So what happened in 1994?
Sometimes when I'm working on a story and my head gets a-jumbled with all the information rattling around inside, I work backwards through to the beginning, to try and get a clear sense of the history. Then, hopefully, more will begin to fall into place.
So this morning, I pulled up the American Indian Trust Reform Management Act of 1994. It was introduced by none other than Rep. Bill Richardson (D-NM), and was passed in the House by a vote of 353 "ayes", 39 "nays", and 42 "not voting". The list of "nays" was dominated by Republicans (only 3 Dems voted against). Here are a few of the more prominant names:
Wayne Allard (R-CO)
Dick Armey (R-TX)
Bill Archer (R-TX)
Joe Barton (R-TX)
Jim Bunning (R-KY)
Tom Delay (R-TX)
Jack Fields (R-TX)
James Hansen (R-UT)
Dennis Hastert (R-IL)
Joel Hefley (R-CO)
Sam Johnson (R-TX)
Scott Klug (R-WI)
Rick Lazio (R-NY) (???)
Dana Rohrabacher (R-CA)
Jim Sennenbrenner (R-WI)
Edward Royce (R-CA)
Dan Schaefer (R-CO)
Bob Stump (R-AZ)
Jim Talent (R-MO)
So why were so many Texans, where there were no federal Indian Trust lease lands, voting against a full accounting of the Indian Trust Fund?
Comments
"So why were so many Texans, where there were no federal Indian Trust lease lands, voting against a full accounting of the Indian Trust Fund?"
At a guess, I'd say ideology. The Texans you've cited are (or were, as Armey, Archer, and Fields are now off in the private sector) all from the tiresome "starve the beast" school of government. Certainly in 1994, when the Dems still ruled Congress, they'd have voted against just about any kind of "reform" measure that was meant to make government work better, as opposed to making it smaller. Nowadays they'd just do whatever their overlords told them to do, but that's another story.
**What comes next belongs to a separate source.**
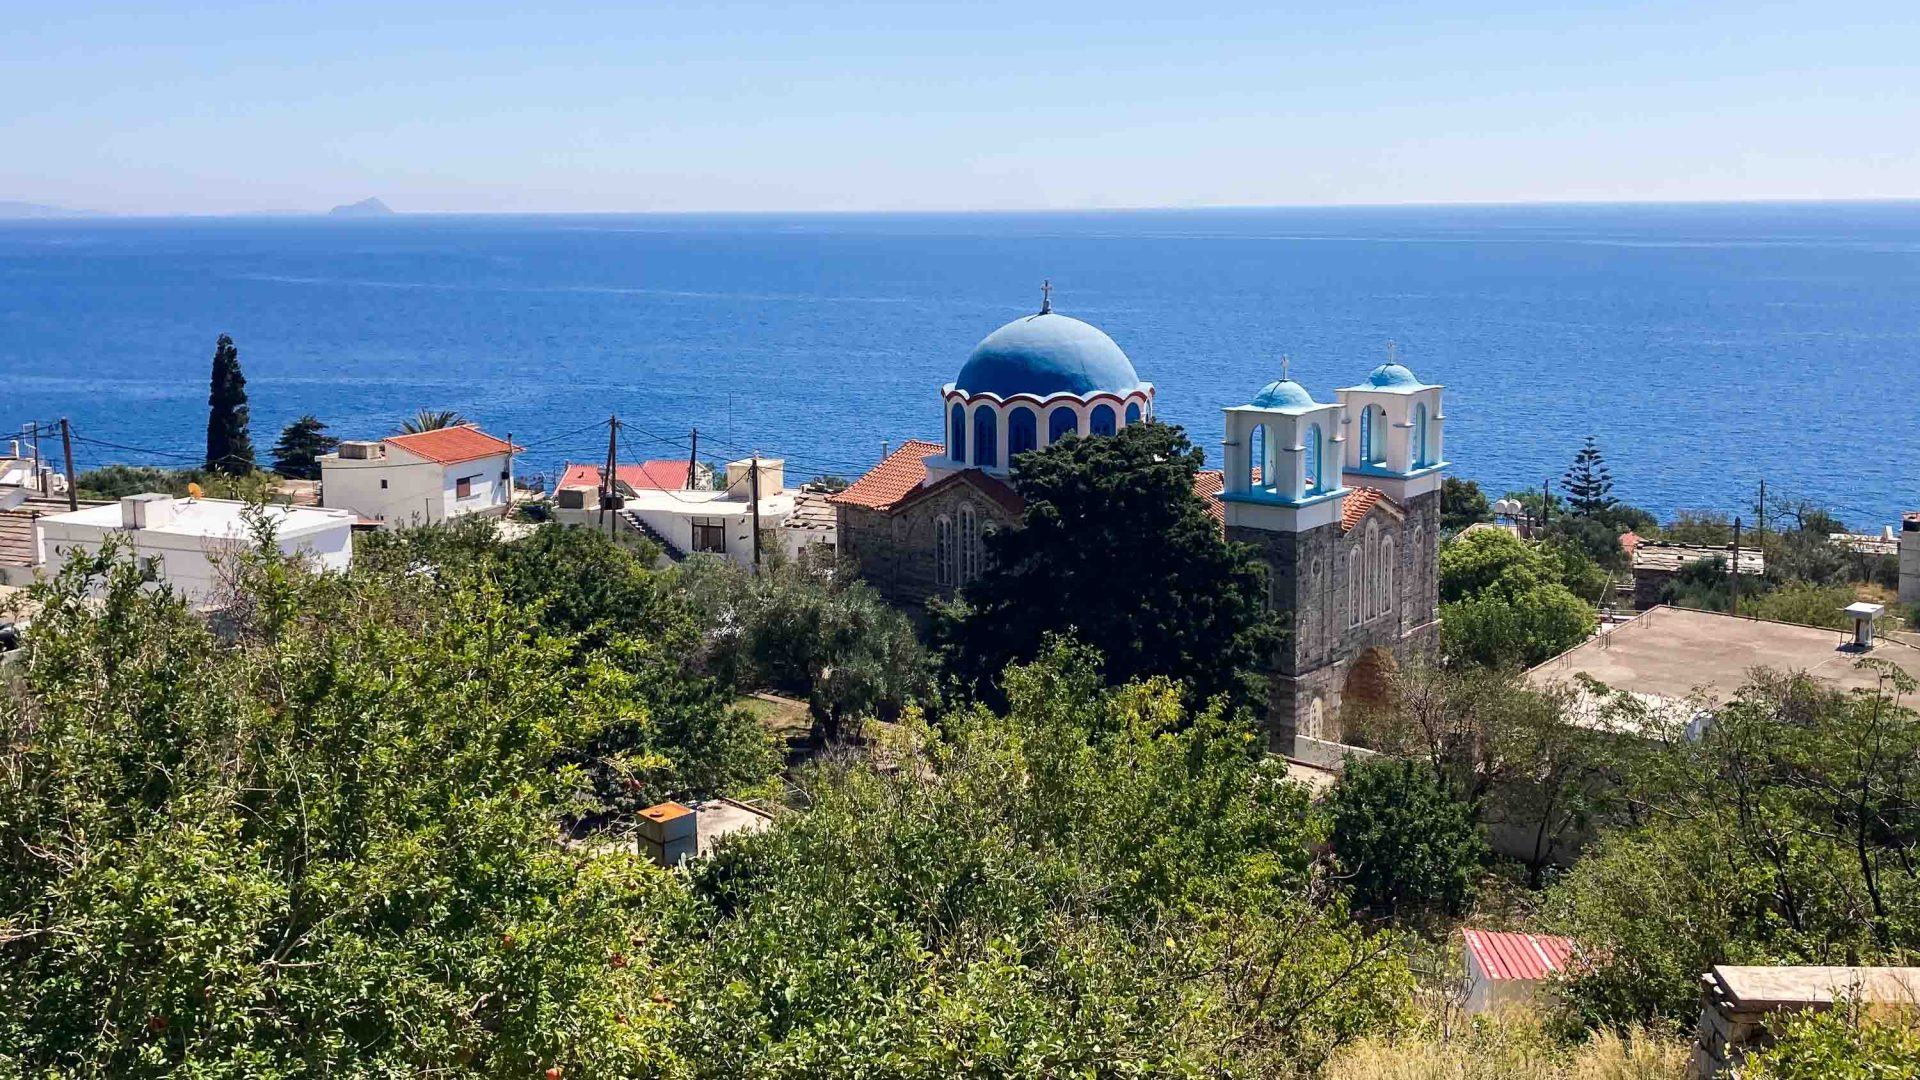 The blue dome of a church stands above other houses, backed by sea.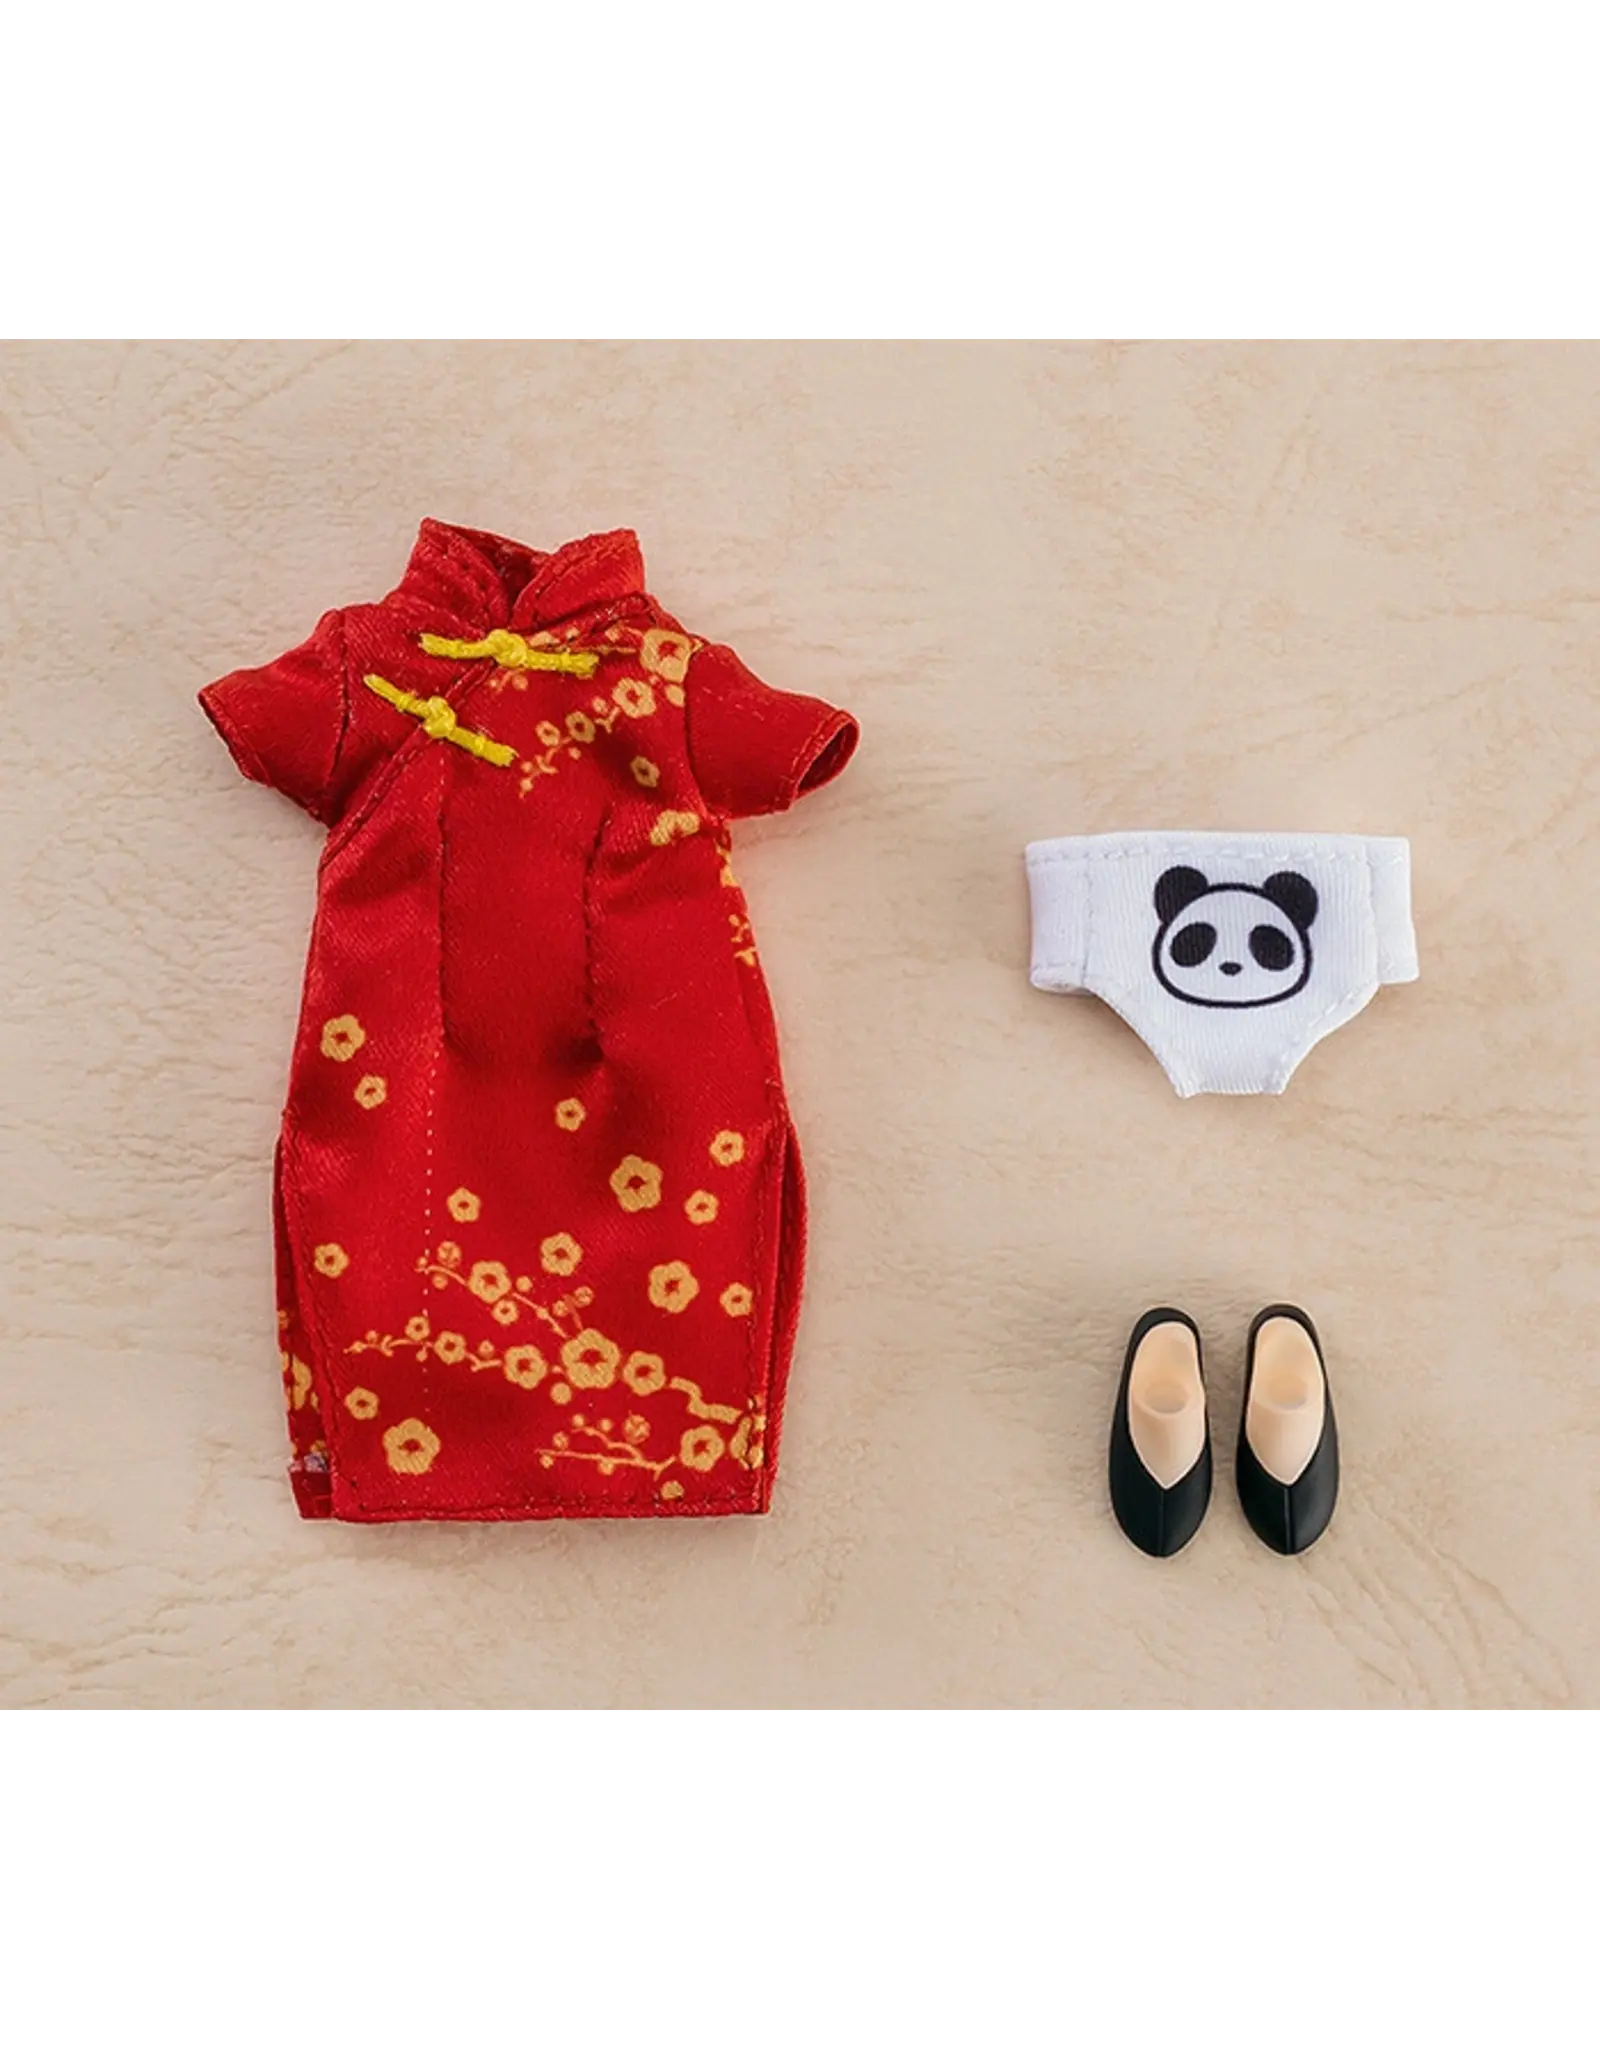 Nendoroid Doll Outfit Chinese Dress Red

Posted by: Charles Kuffner | January 30, 2006 02:02 PM
Charles, generally I would agree with you, but I think there's a lot more going on. Even Gingrich voted for it, as did Pombo and Doolittle. A whole bunch of very partisan Republicans voted for it, and it came in the wake of the House Banking scandal - another accounting scandal.
I think the fact that all these guys have very close ties to big oil is much more significant than their ideology - although, I'm sure the two are very intertwined. We're not talking cheap change here - $100+ billion dollars is a pile of money, even to Exxon and the like.